Early-Stage Luminal B-like Breast Cancer Exhibits a More Immunosuppressive Tumor Microenvironment than Luminal A-like Breast Cancer.

Abstract

Background: Breast cancer is a heterogeneous malignant disease with a varying prognosis and is classified into four molecular subtypes. It remains one of the most prevalent cancers globally, with the tumor microenvironment playing a critical role in disease progression and patient outcomes.

Methods: This study evaluated tumor samples from 40 female patients with luminal A and B breast cancer, utilizing flow cytometry to phenotypically characterize the immune cells and tumor cells present within the tumor tissue.

Results: The luminal B-like tumor samples exhibited increased infiltration of CD4⁺ cells, regulatory T cells (Tregs), and Th17 cells and decreased levels of NK cells, γδ T cells, Th1 cells, and follicular T cells, which is indicative of a more immunosuppressive tumor microenvironment.

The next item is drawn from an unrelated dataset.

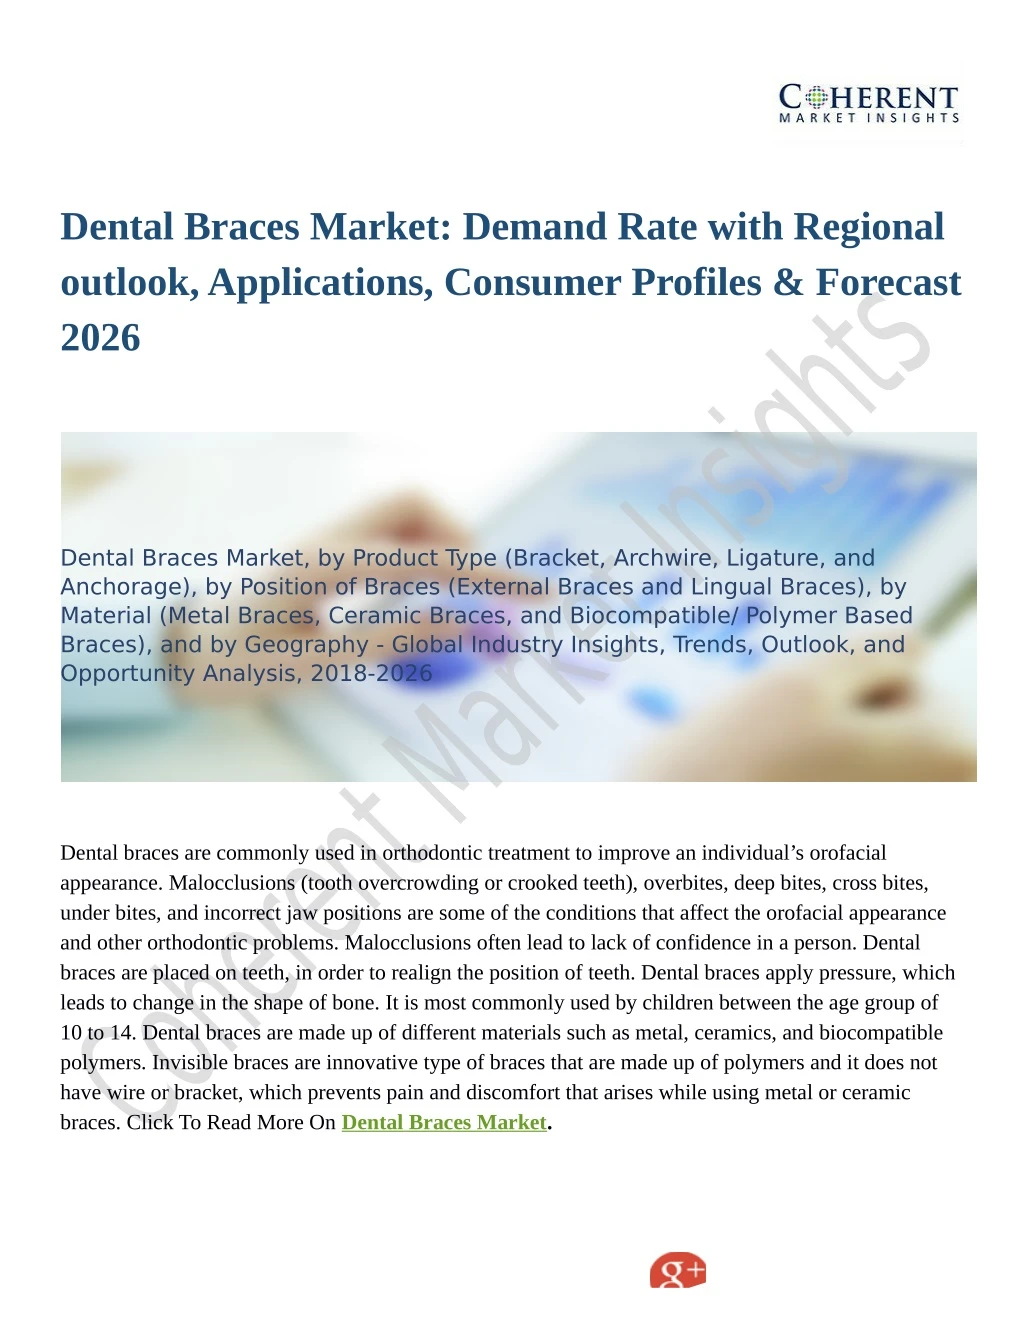 dental braces market demand rate with regional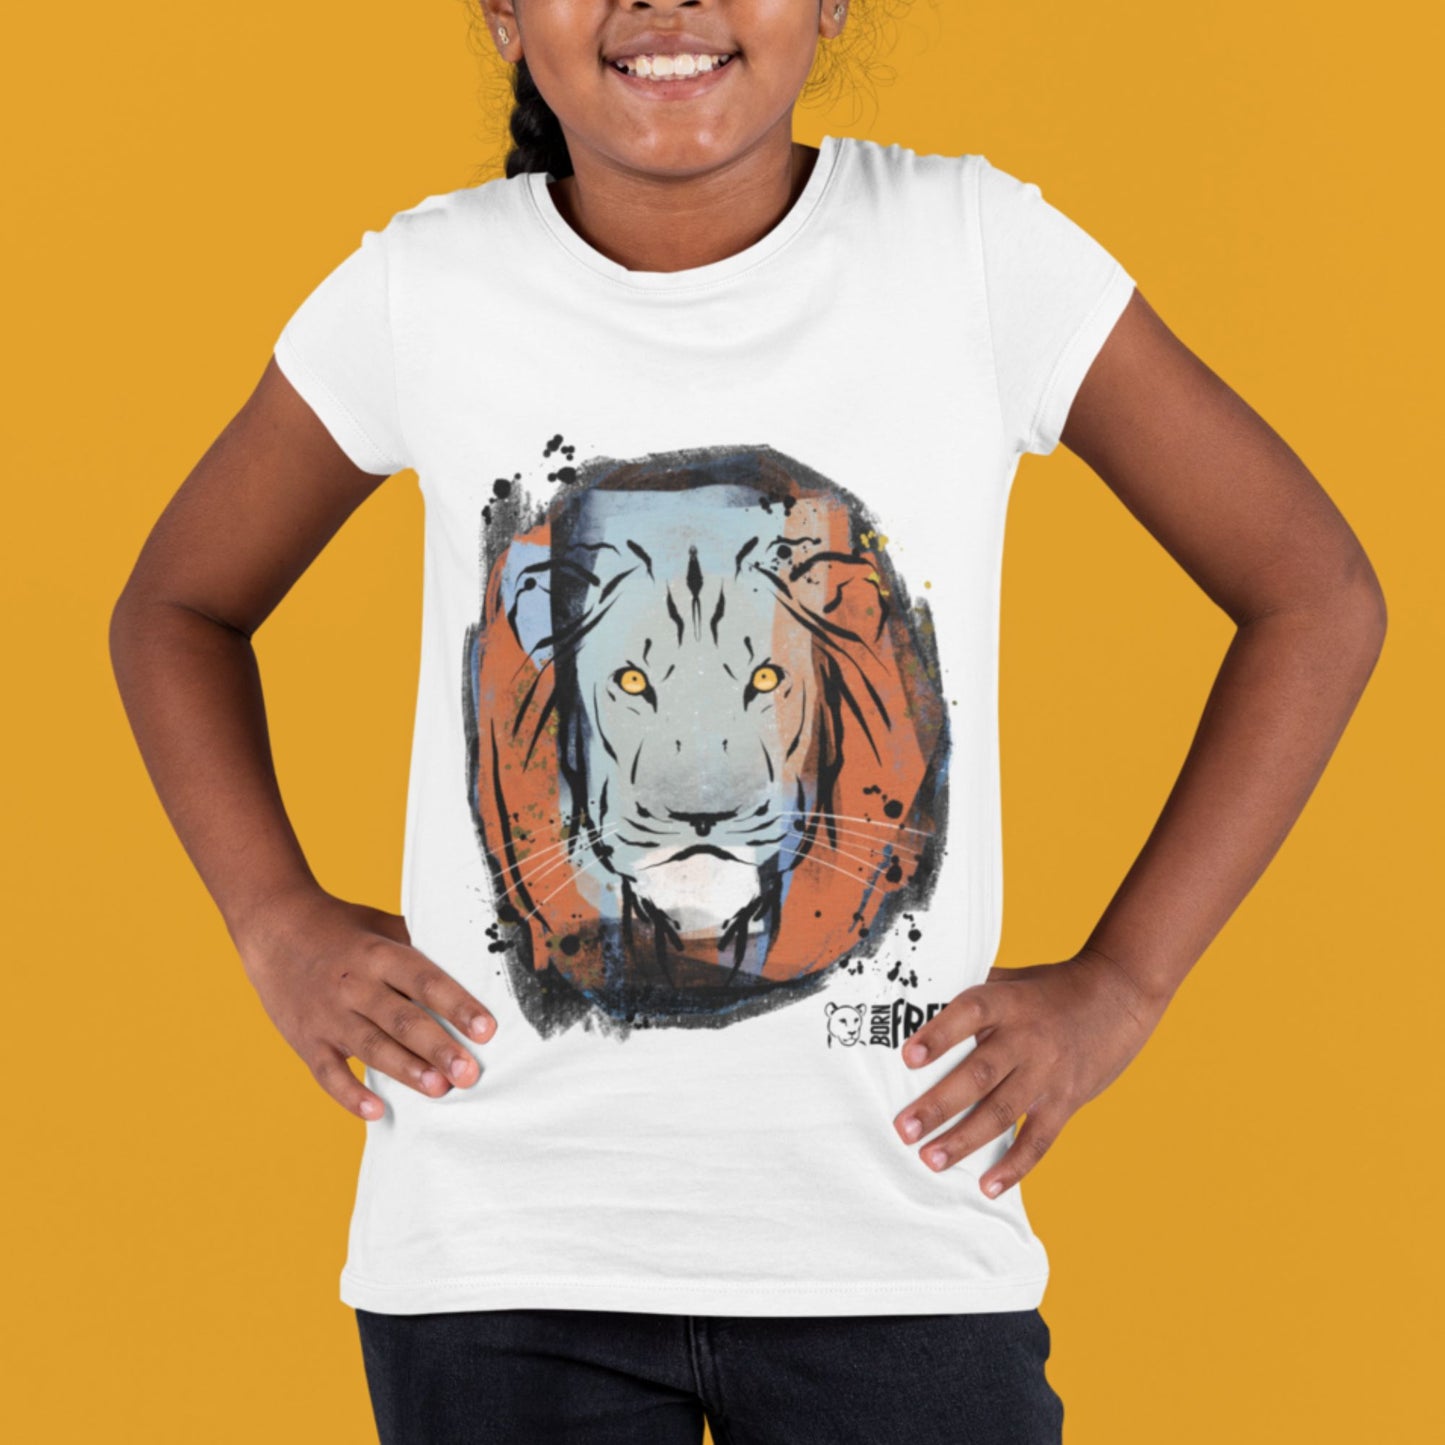 Born Free Lion T-Shirt

Conclusions: These findings suggest that luminal B-like tumors have a microenvironment that is less supportive of effective anti-tumor immune responses compared to luminal A tumors. This study enhances the understanding of the immunological differences between luminal subtypes of breast cancer and identifies potential new therapeutic targets and biomarkers that could drive advancements in precision medicine for breast cancer management.